Frontiers Commentary ARTICLE
State-dependent value representation: evidence from the striatum
- 1Laboratory for Social and Neural Systems Research, Department of Economics, University of Zurich, Zurich, Switzerland
- 2Neuroeconomics Laboratory: Reward and Decision-Making, CNRS, UMR 5229, Université de Lyon, Université Claude Bernard Lyon 1, Lyon, France
- 3Center for Information and Neural Networks, National Institute for Information and Communications Technology, Osaka, Japan
- 4Computational and Biological Learning Lab, Department of Engineering, University of Cambridge, Cambridge, UK
A commentary on
Encoding of aversion by dopamine and the nucleus accumbens
by McCutcheon, J. E., Ebner, S. R., Loriaux, A. L., and Roitman, M. F. (2012). Front. Neurosci. 6:137. doi: 10.3389/fnins.2012.00137
by Porcelli, A. J., Lewis, A. H., and Delgado, M. R. (2012). Front. Neurosci. 6:157. doi: 10.3389/fnins.2012.00157
The ability to distinguish good from bad options, to approach the former and avoid the latter, forms the basis of successful behavior. This ability is expressed in value-based decisions, which in turn is thought to depend largely on the process of reinforcement learning. In order to adaptively determine the value of different actions, organisms need to take external as well as internal states into account (e.g., Rangel et al., 2008). For example, finding shelter may be more valuable in a cold environment than in a warm environment. Internal states can also affect valuation, as illustrated for instance by salt appetite (Berridge et al., 1984; Tindell et al., 2009; Robinson and Berridge, 2013): In the normal (non-salt-deficient) state, rats do not usually ingest extremely salty solutions or approach cues that predict them.
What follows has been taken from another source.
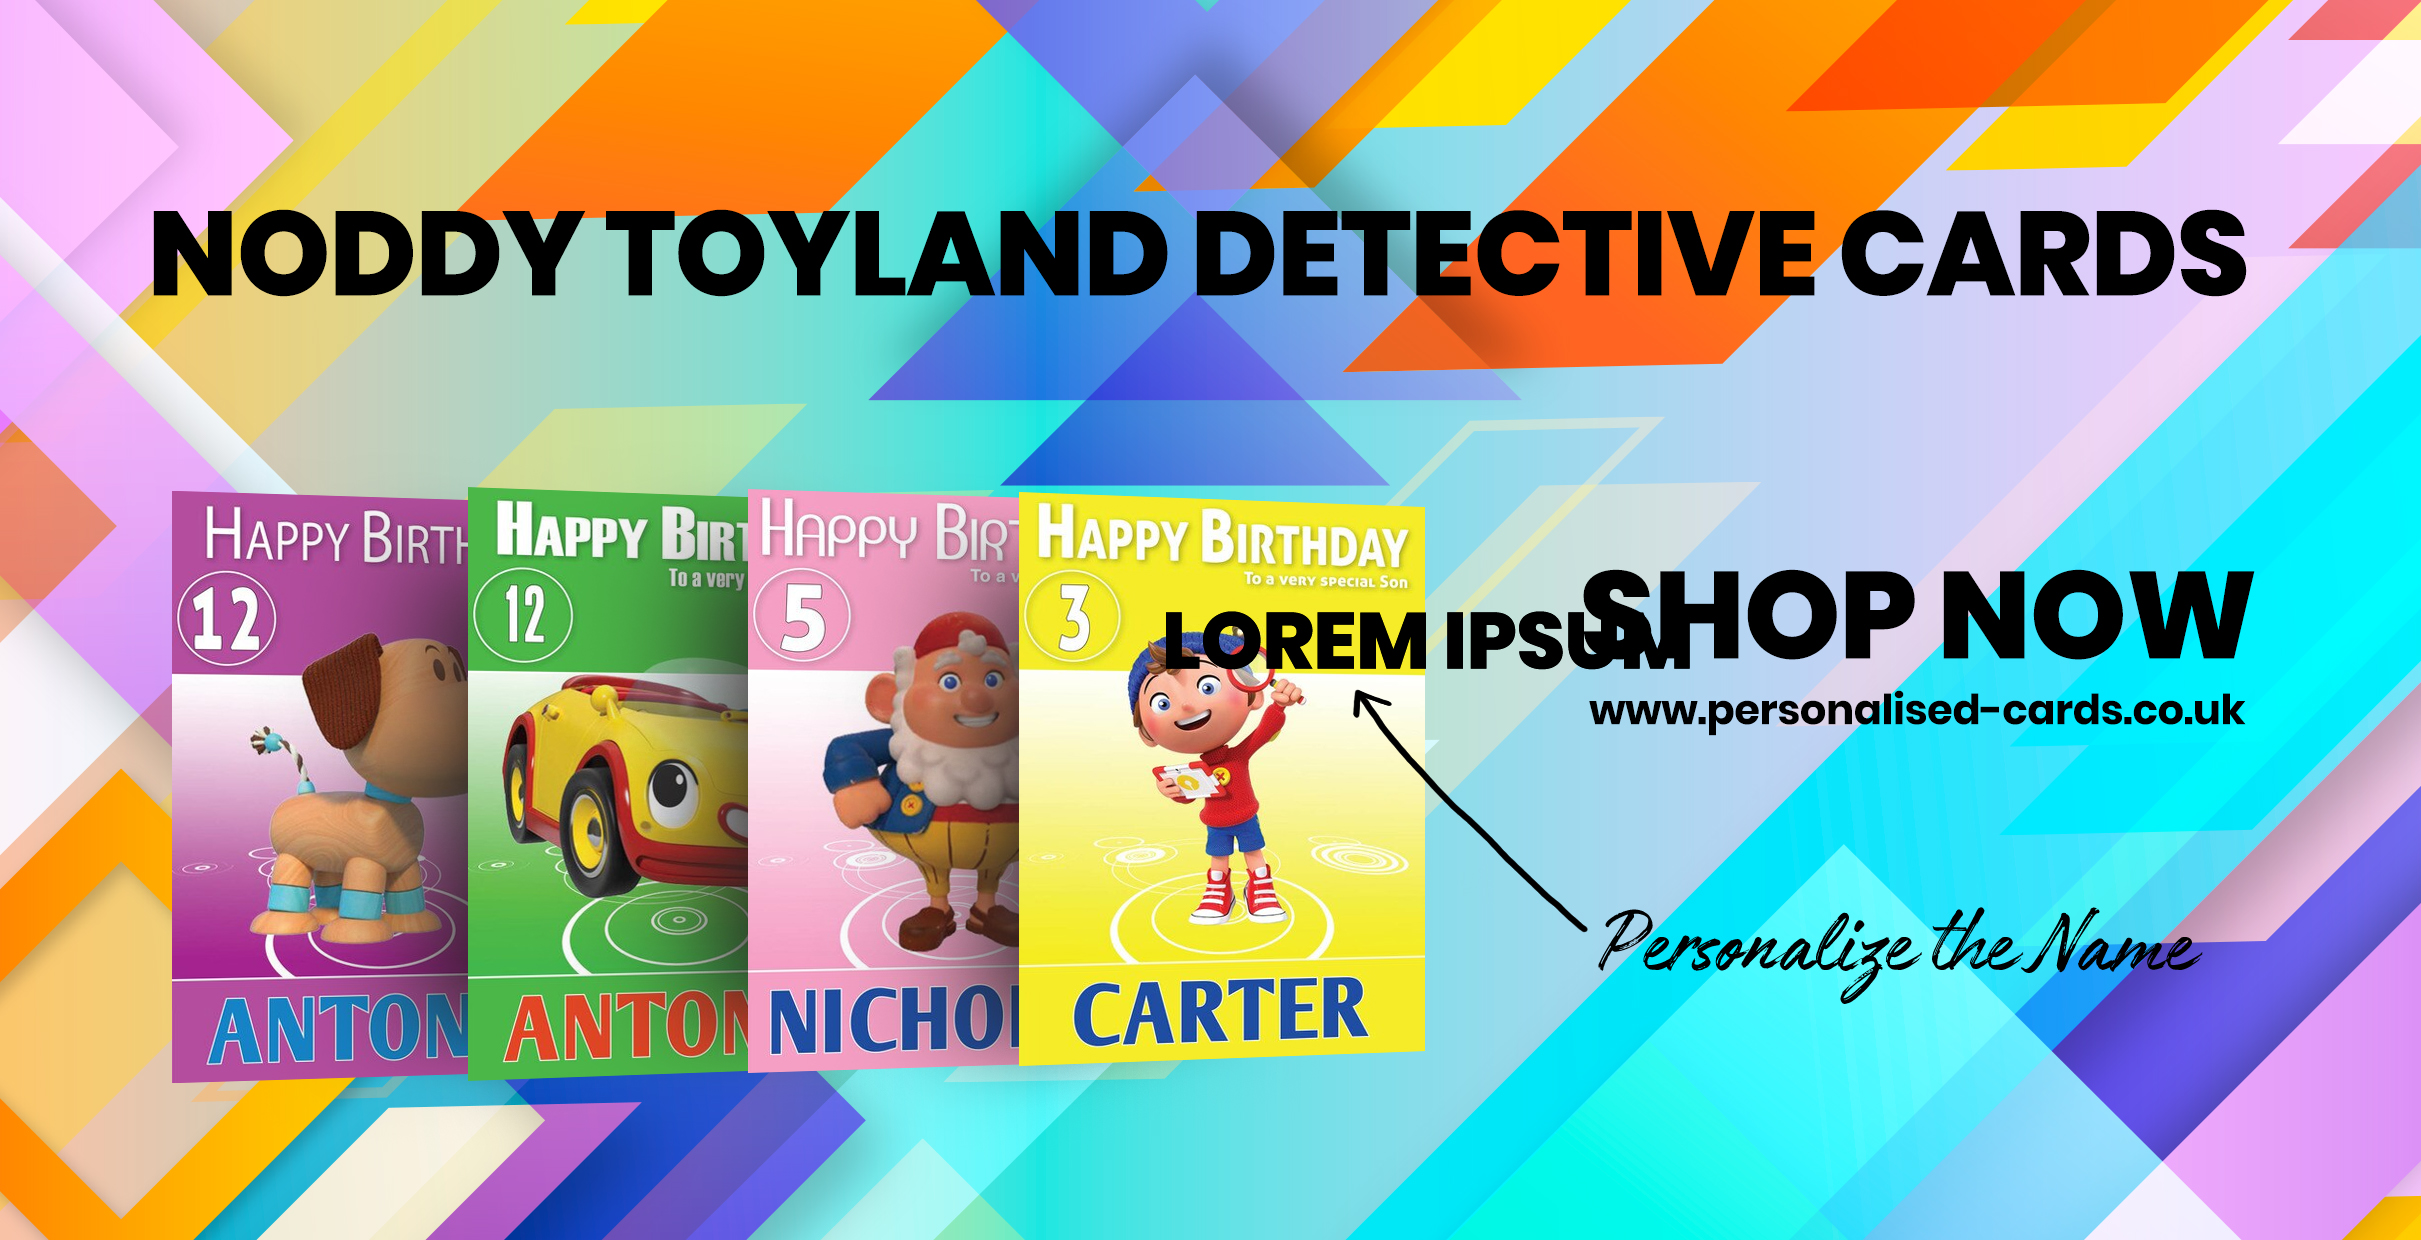 noddy-toyland-detective-cards.jpg

However, in a salt-deficient state, they do. This pattern of behavior is compatible with the notion that state information can have such a profound impact on value computation that a previously bad option becomes good (Dayan and Berridge, 2014).
Since its inception in the seventeenth century, economic choice theory has gradually come to recognize the importance of internal and external states on valuation. While it was initially thought that a given monetary unit was worth the same no matter how wealthy one is (Pascal), it was later proposed that the value of a given monetary unit is greater when one is in a state of poverty as compared to one of affluence (Bernoulli). In the last century, researchers found that our expectations also affect valuation and accounted for this finding by incorporating reference points into value functions (e.g., prospect theory: Kahneman and Tversky, 1979; see also Koszegi and Rabin, 2006). For example, we value a salary raise of USD 200 less when we originally expected to receive a raise of USD 400 than when we did not expect to receive any raise at all. Thus, the value of an option can also depend on cognitive states.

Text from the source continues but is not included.